I am currently reading Stein and Shakarchi's Complex Analysis, and I think there is something I am not quite understanding about the Schwarz reflection principle. Here is my problem:
Suppose $f$ is a holomorphic function on $\Omega^+$ (an open subset of the upper complex plane) that extends continuously to $I$ (a subset of $\mathbb{R}$). Let $\Omega^-$ be the reflection of $\Omega^+$ across the real axis.
Take $F(z) = f(z)$ if $z \in \Omega^+$ and $F(z) = f(\overline{z})$ is $z \in \Omega^-$. We can extend $F$ continuously to $I$. Why isn't the function $F$ holomorphic on $\Omega^+ \cup I \cup \Omega^-$?
I think there's some detail of a proof that I overlooked.
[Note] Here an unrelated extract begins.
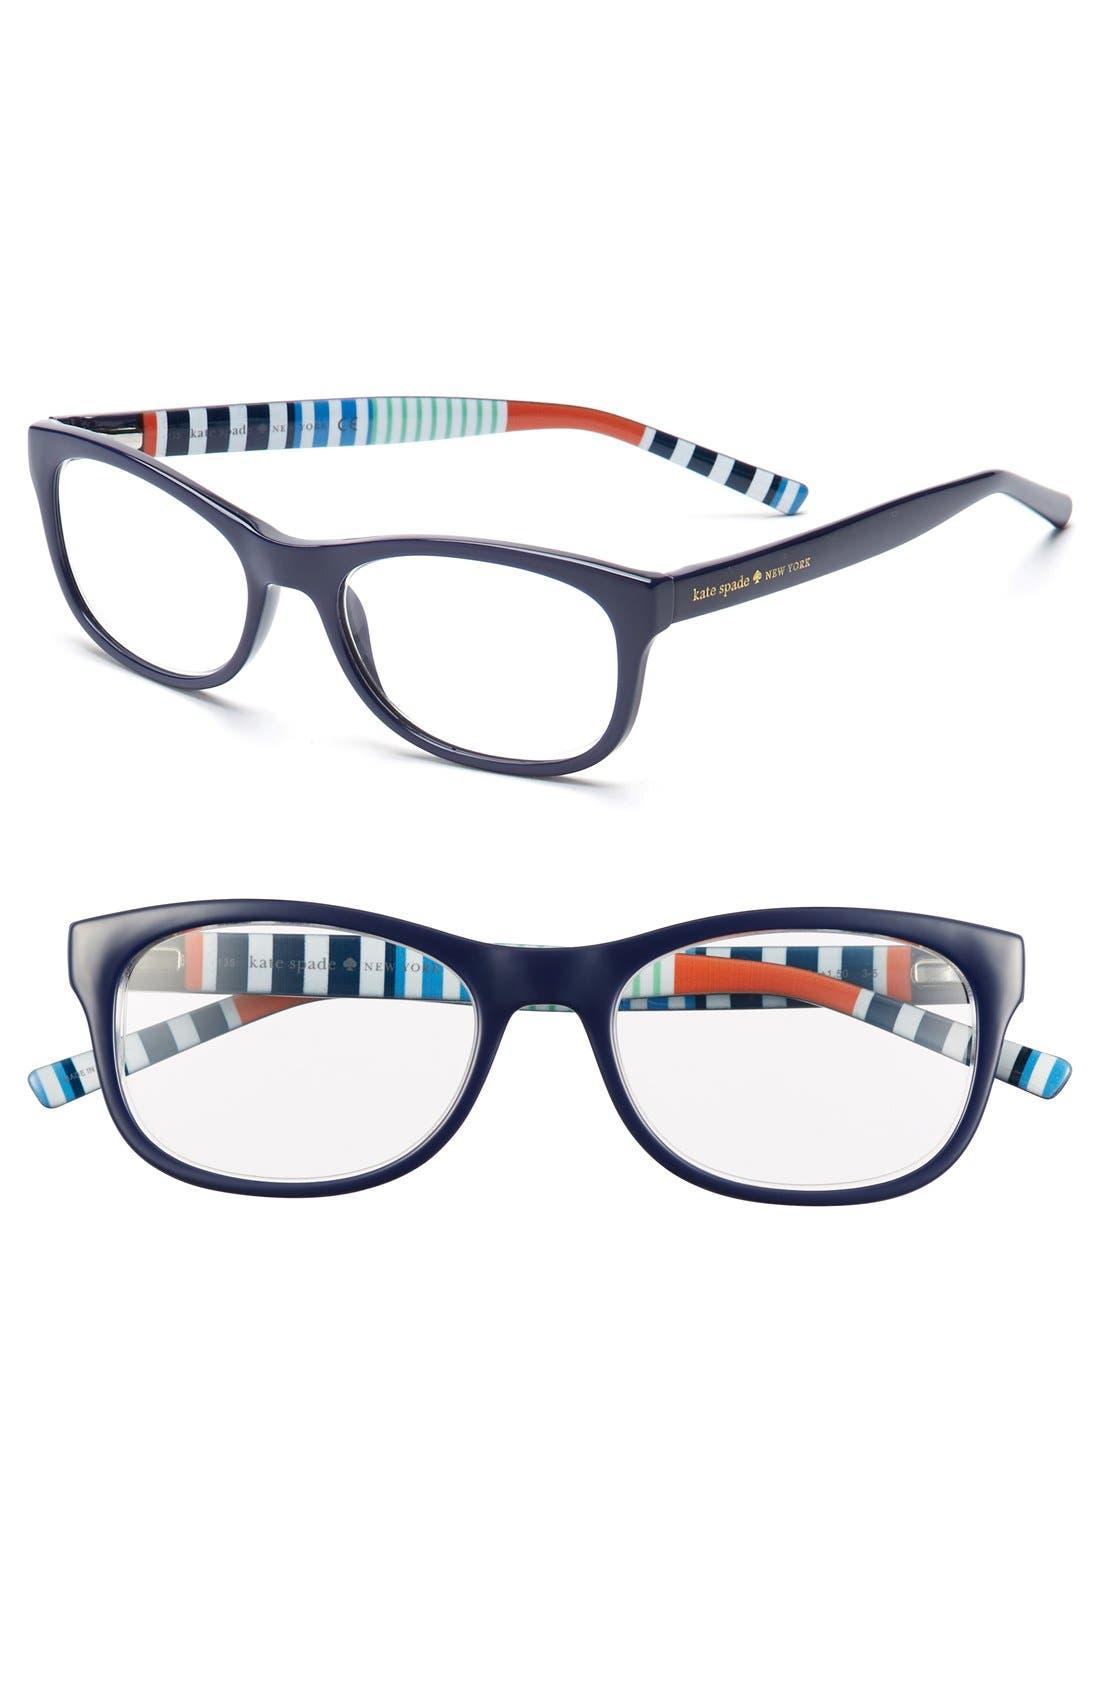 Main Image - kate spade new york letti 51mm reading glasses
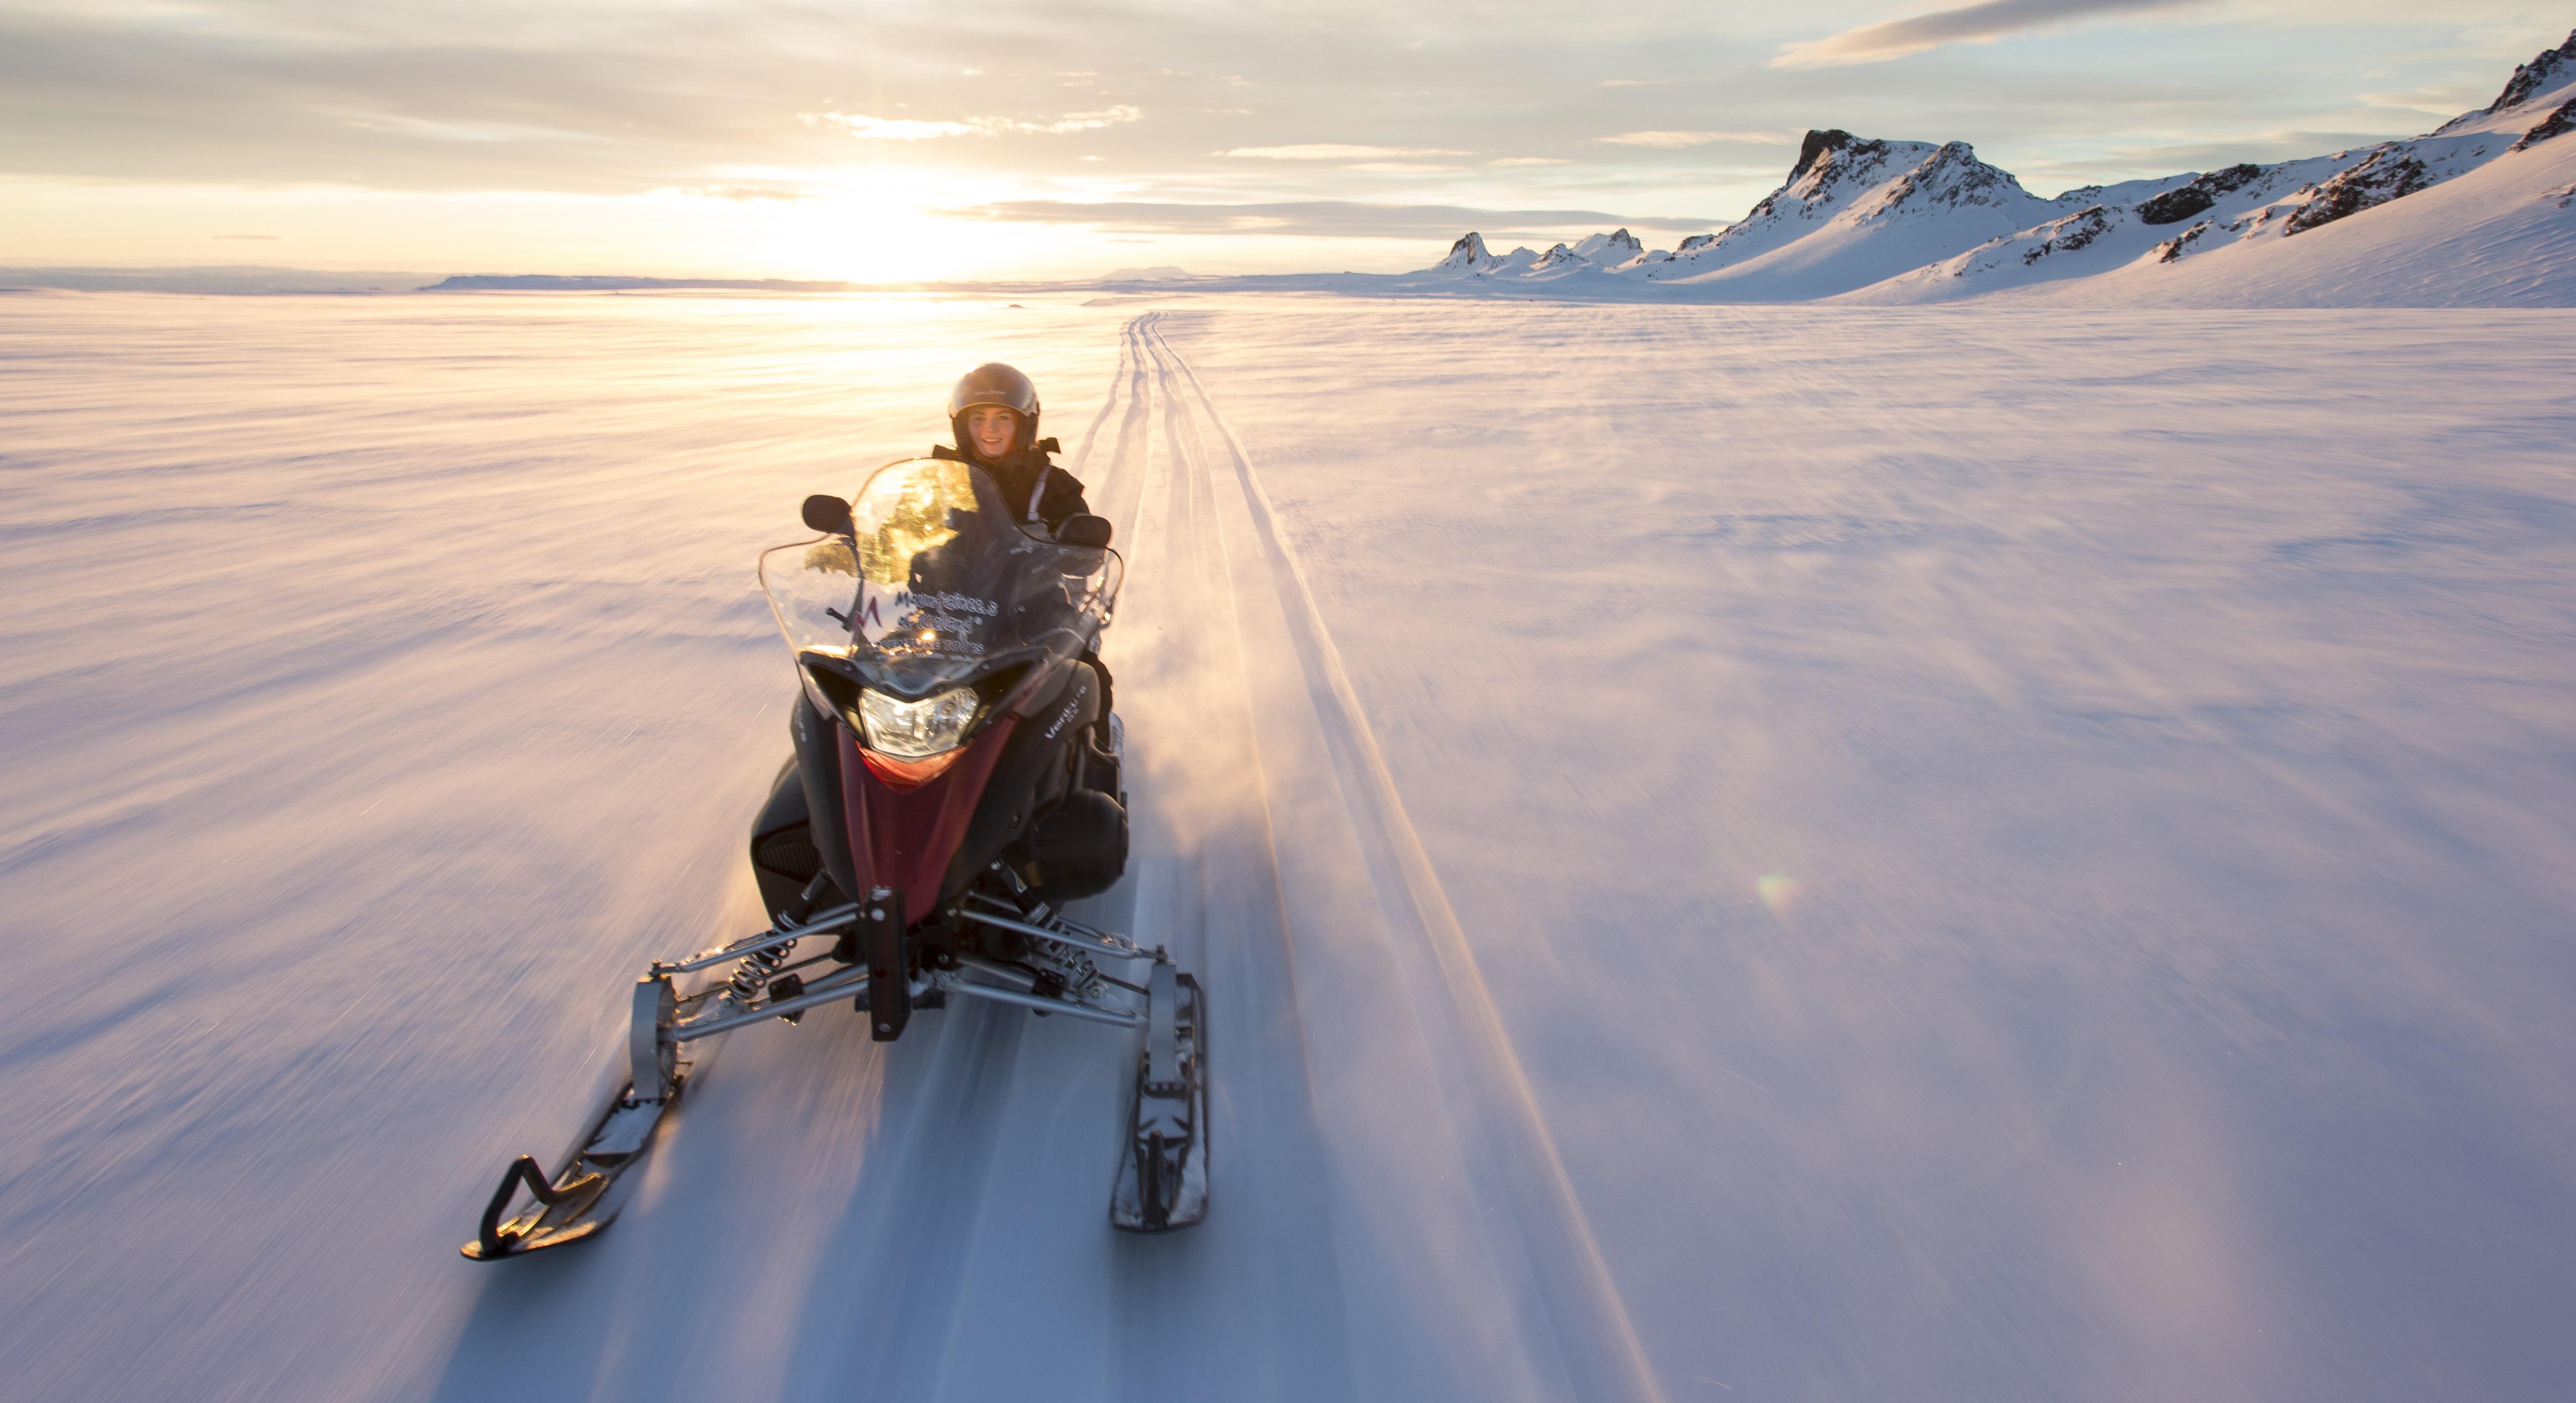 Goditi la tua avventura in motoslitta sulla cima del ghiacciaio Langjökull in Islanda.

My intuition tells me that $F$ isn't holomorphic for the same reason that a function defined on $\mathbb{R}^+$ isn't necessarily differentiable at zero if you extend it to be an even function.
Best Answer
$f(\bar{z})$ is not holomorphic (unless $f$ is constant), as $d(f(\bar{z}))=f'(\bar{z}) d\bar{z}$ is not a multiple of $dz$ (but rather of $d\bar{z}$). Perhaps more intuitively: holomorphic = conformal and orientation-preserving; $f(\bar{z})$ is conformal, but changes the orientation (due to the reflection $z\mapsto\bar{z}$). Hence your function $F$ is not holomorphic on $\Omega^-$.
On the other hand, $\overline{f(\bar{z})}$ is holomorphic, as there are two reflections. If $f$ is real on $I$ then by gluing $f(z)$ on $\Omega^+$ with $\overline{f(\bar{z})}$ on $\Omega^-$ you get a function continuous on $\Omega^+\cup I\cup\Omega^-$ and holomorphic on $\Omega^+\cup\Omega^-$. It is then holomorphic on $\Omega^+\cup I\cup\Omega^-$ e.g. by Morera theorem.